Friedman, who said his campaign relied mostly on “grippin’ and grinnin’,” was one of five candidates running for the three open city council seats. Incumbent candidates Elrod and Gianniny garnered 29 and 25 percent of the vote respectively as nearly 55 percent of Lexington residents braved the cold and wet conditions to cast their ballots.
Friedman, who works as a financial advisor, graduated from Lexington High School in 1984 and attended Hampden Sydney College. After college, he accepted a banking job in Florida and lived there until he returned to Lexington.

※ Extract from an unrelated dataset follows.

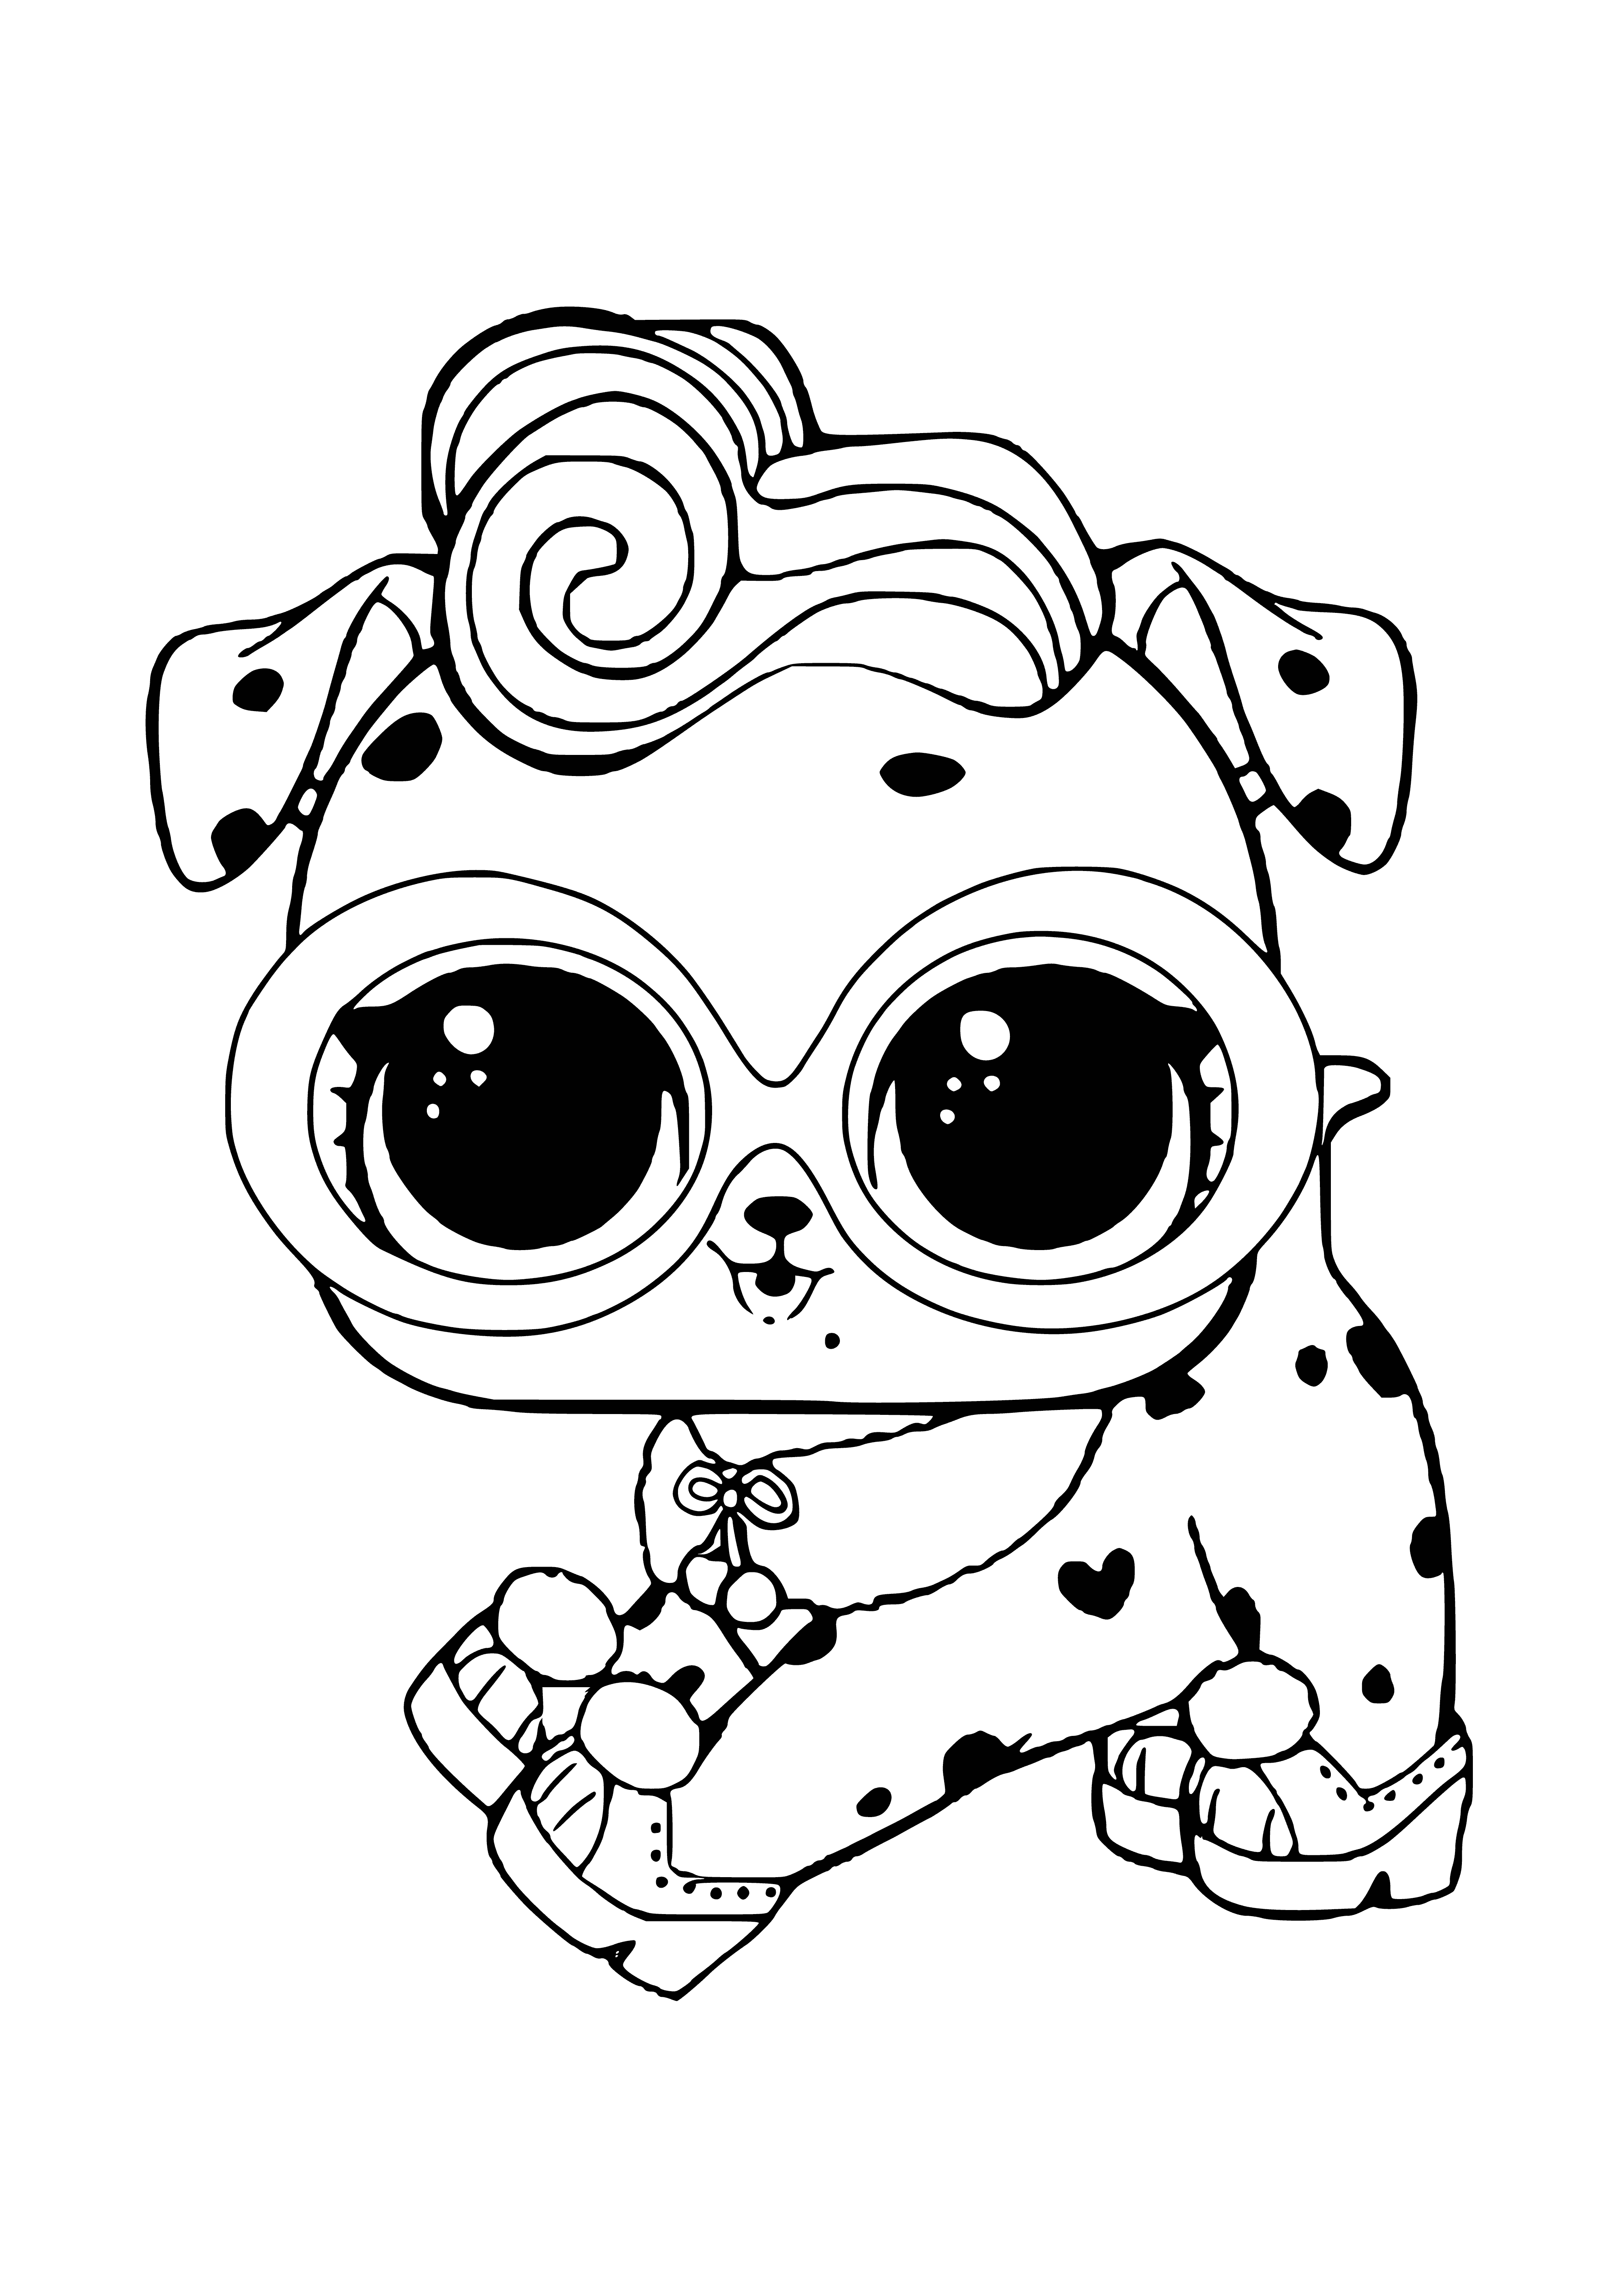 coloring page: Adopt the LOL pet Dalmatian and get its own LOL surprise ball! It has a playful personality and cute black and white spots - sure to bring smiles.

He said his low-key campaign was a welcome change from Florida, where he was constantly inundated with political advertisements.
“The neat thing about Lexington is that you don’t have to run a campaign,” he said.
Elrod and Gianniny said that although this year’s race was contested, they did not crank up their advertising efforts.
“It’s very low-key,” said Elrod, who was appointed to city council in 2003 when one of the council members moved out of Lexington. “I can’t imagine people attacking each other. I don’t think Lexington would respond positively to that.”
“I am doing nothing different than I’ve done for the last 34 years when I’ve lived in Lexington,” said Gianniny. “I go to the grocery store. I see constituents everywhere I go. That’s the way Lexington is.”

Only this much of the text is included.